** YOUR INSTRUCTIONS **
Write out the listing verbatim. No pictures belong in it.

** INFORMATION SHOWN **
= Beginning of Section =

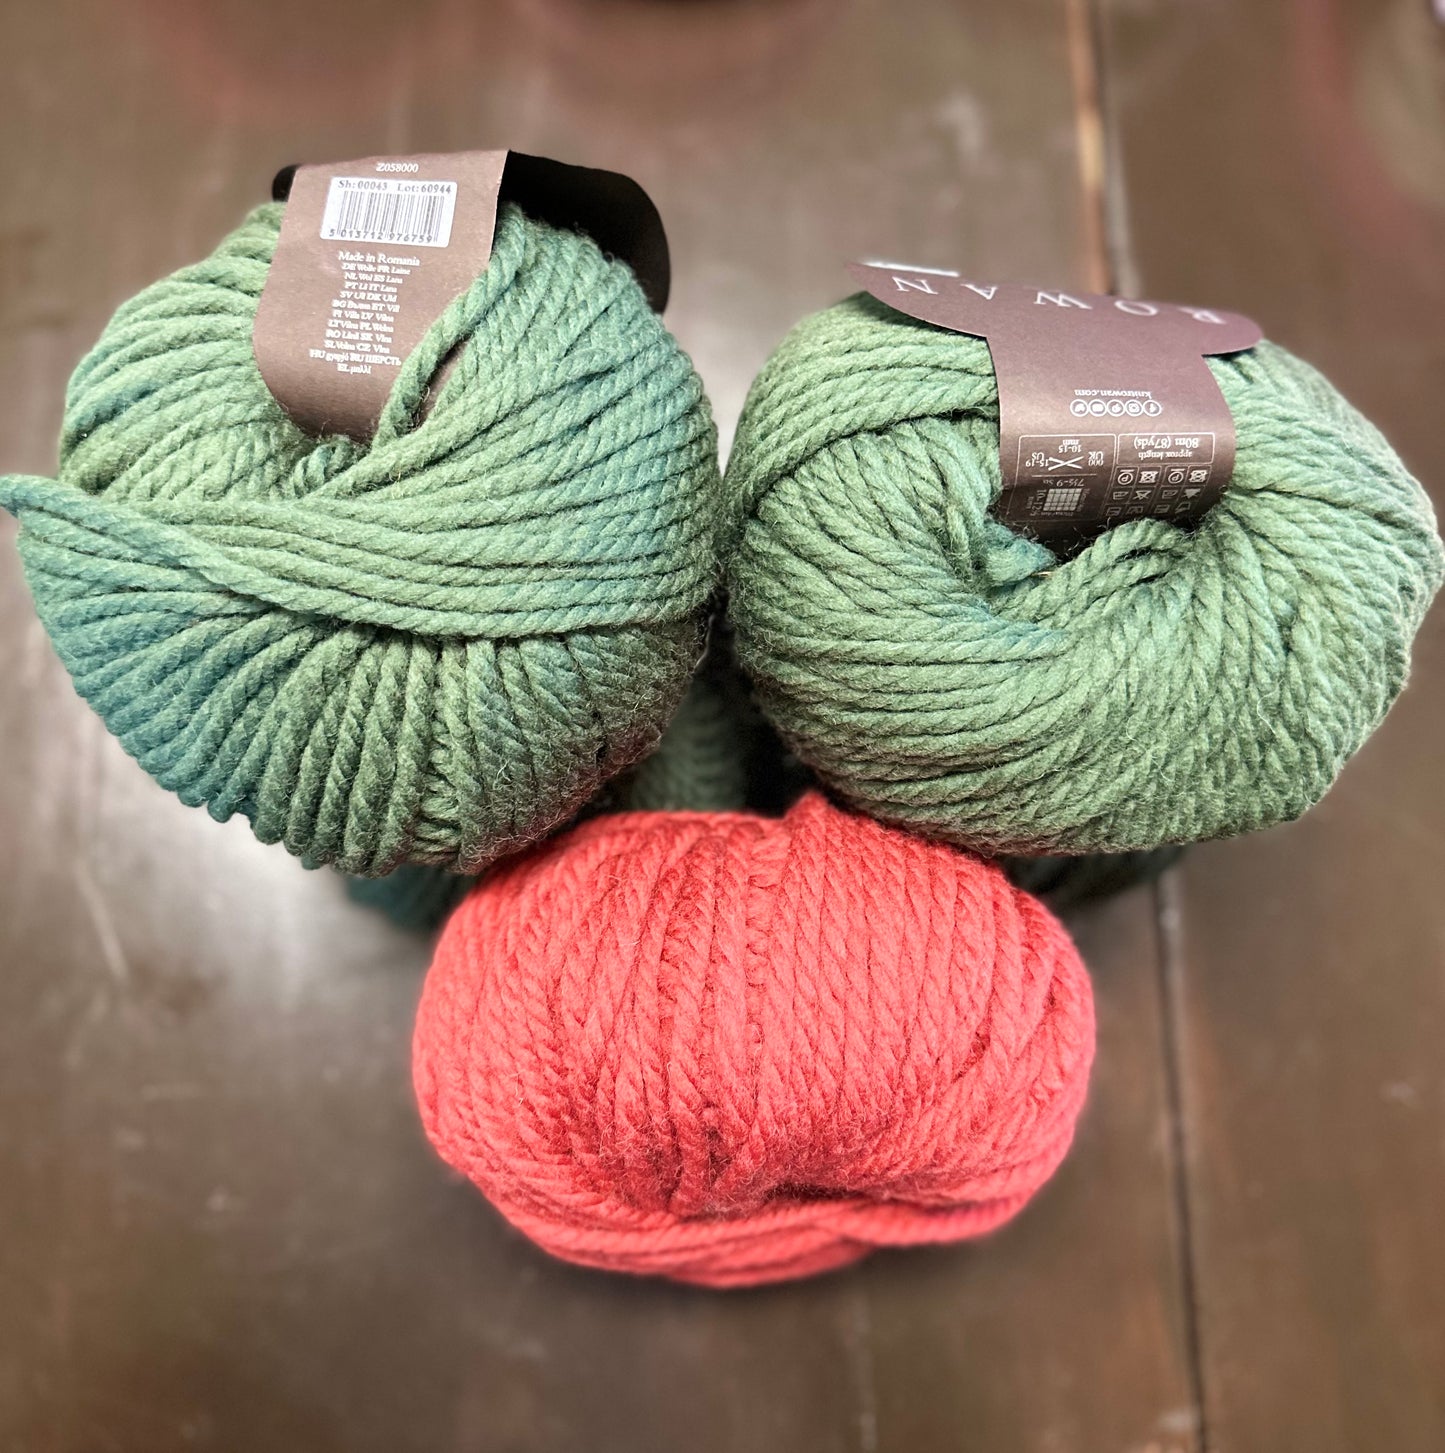 Winter Whimsy Sweater Kits
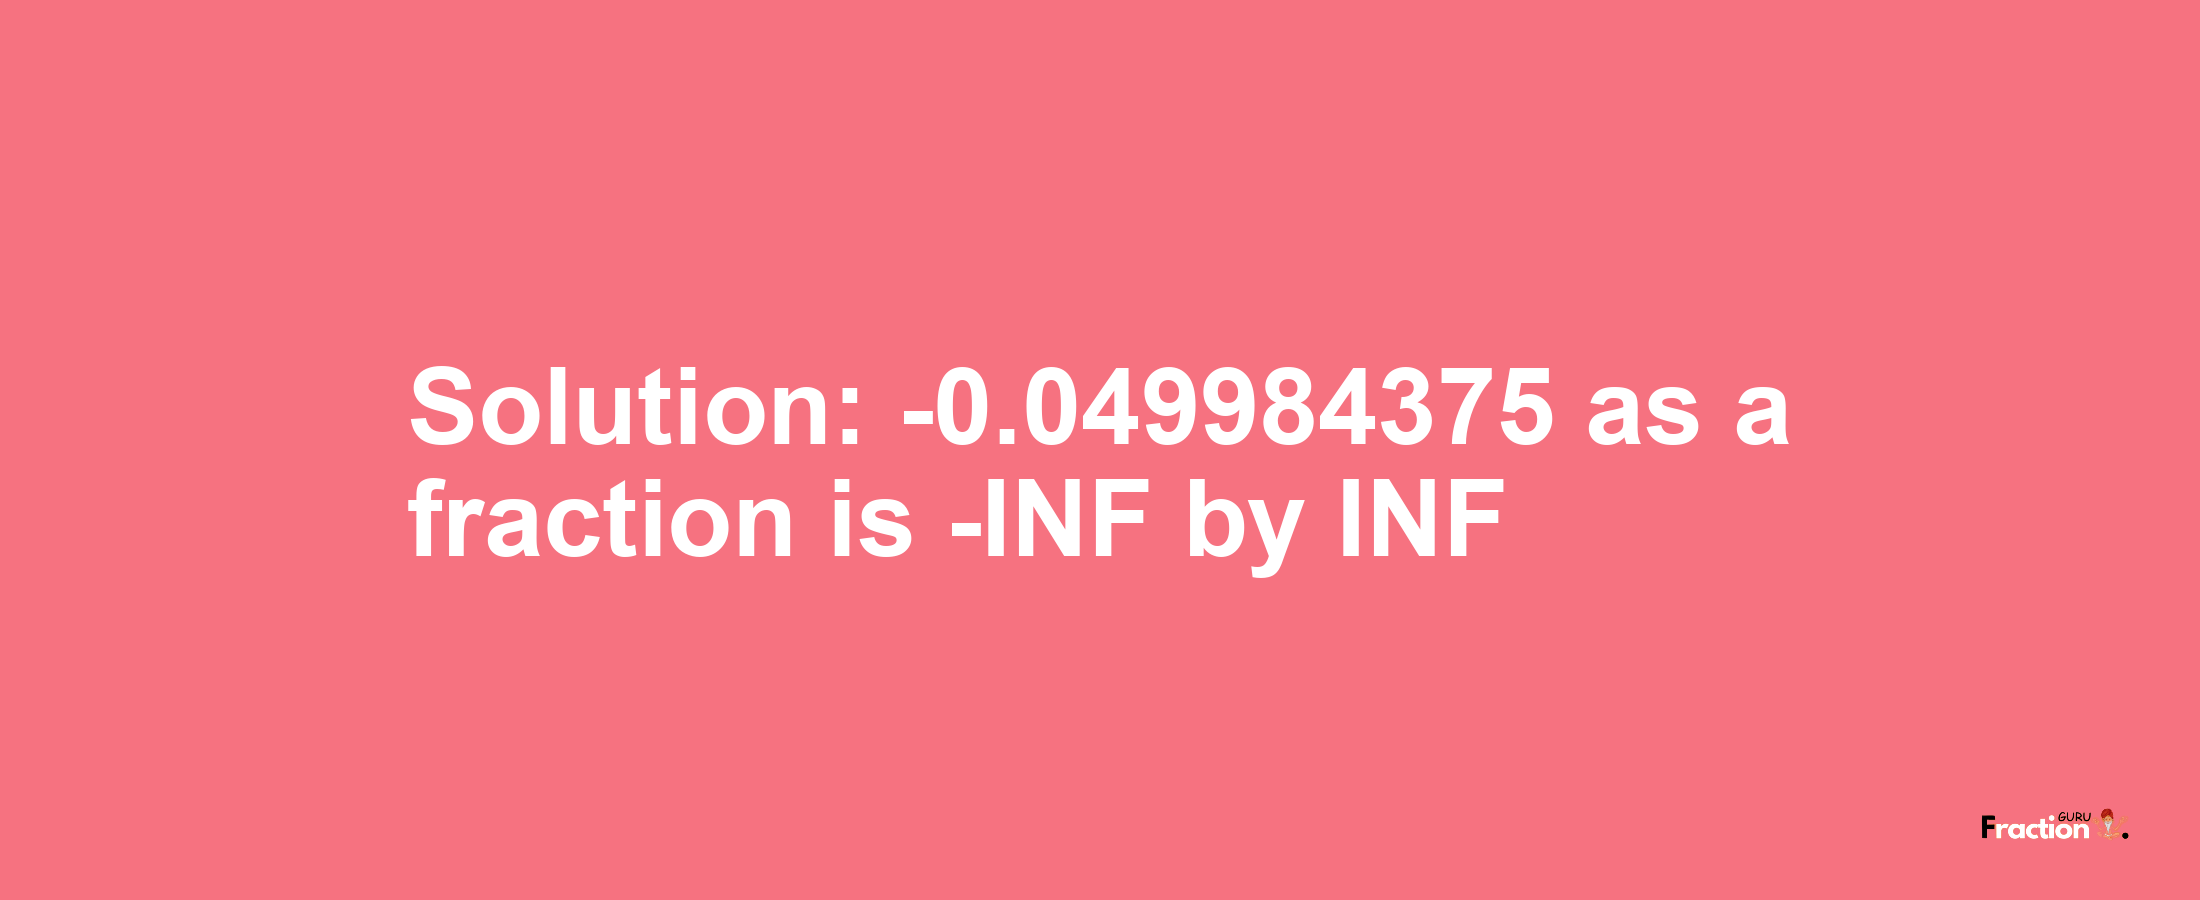 Solution:-0.049984375 as a fraction is -INF/INF
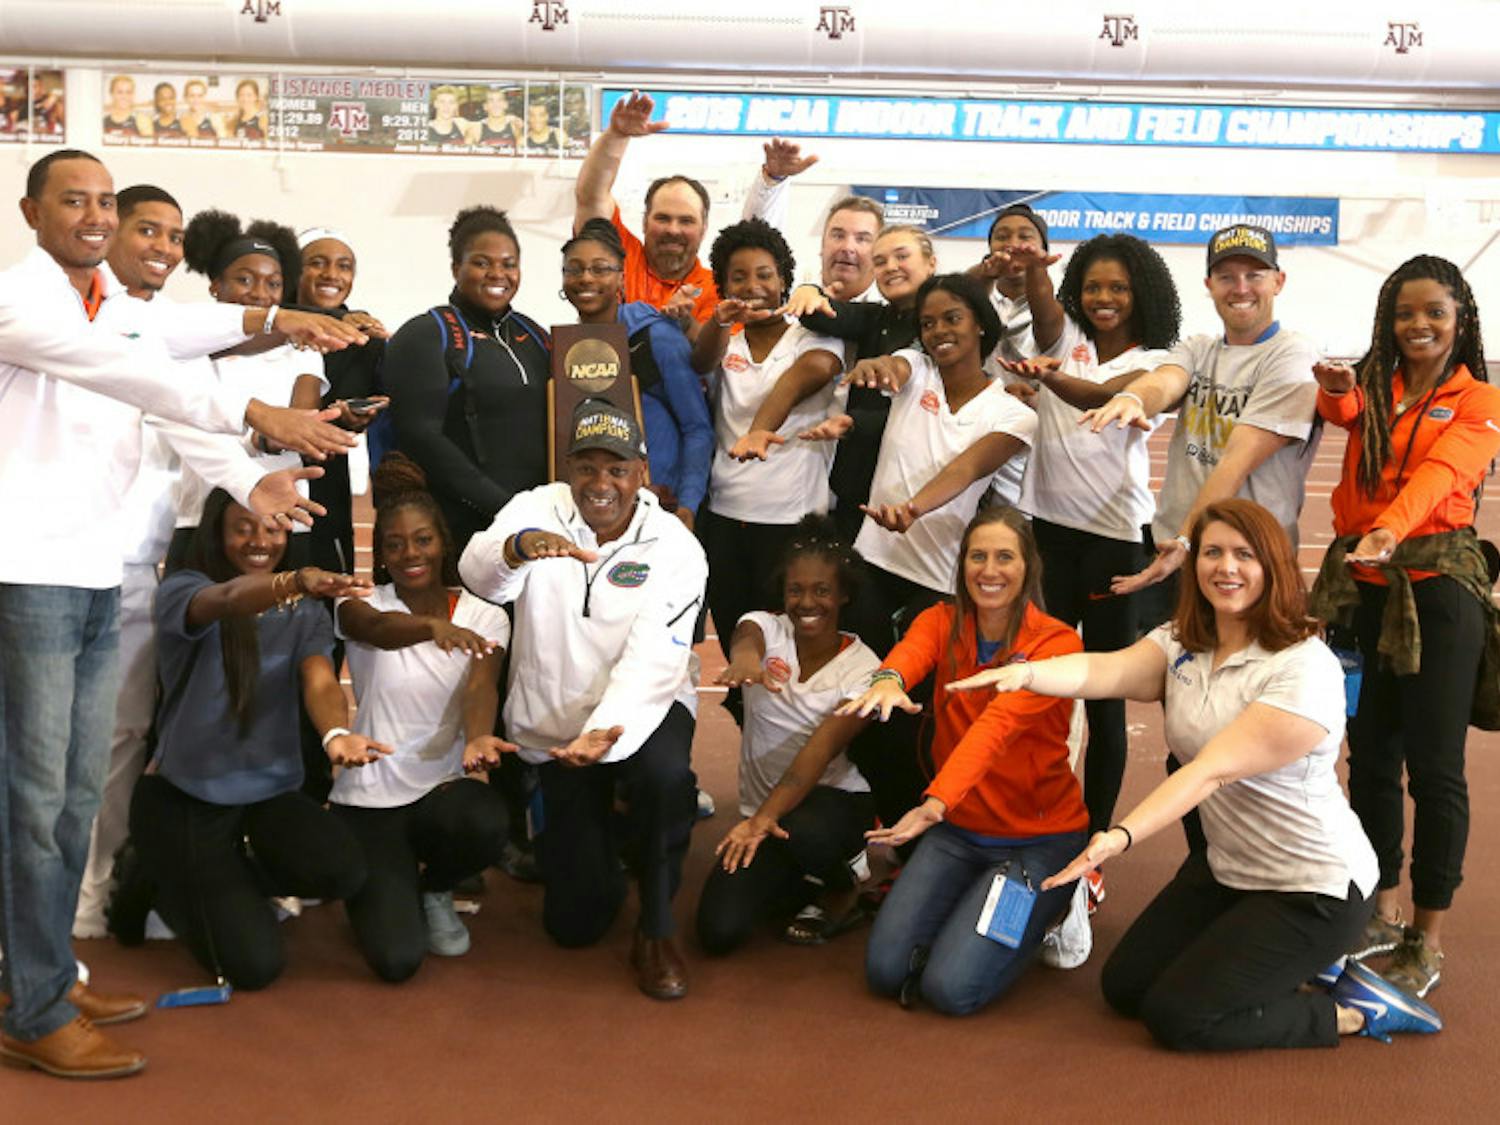 The UF men's and women's track and field teams both took first and fourth, respectively, at the NCAA Indoor Championships in Fayetteville, Arkansas.

= End of Section =

** RESULT OF THE EXERCISE **
 Winter Whimsy Sweater Kits
 Solution:-0.049984375 as a fraction is -INF/INF
 The UF men's and women's track and field teams both took first and fourth, respectively, at the NCAA Indoor Championships in Fayetteville, Arkansas.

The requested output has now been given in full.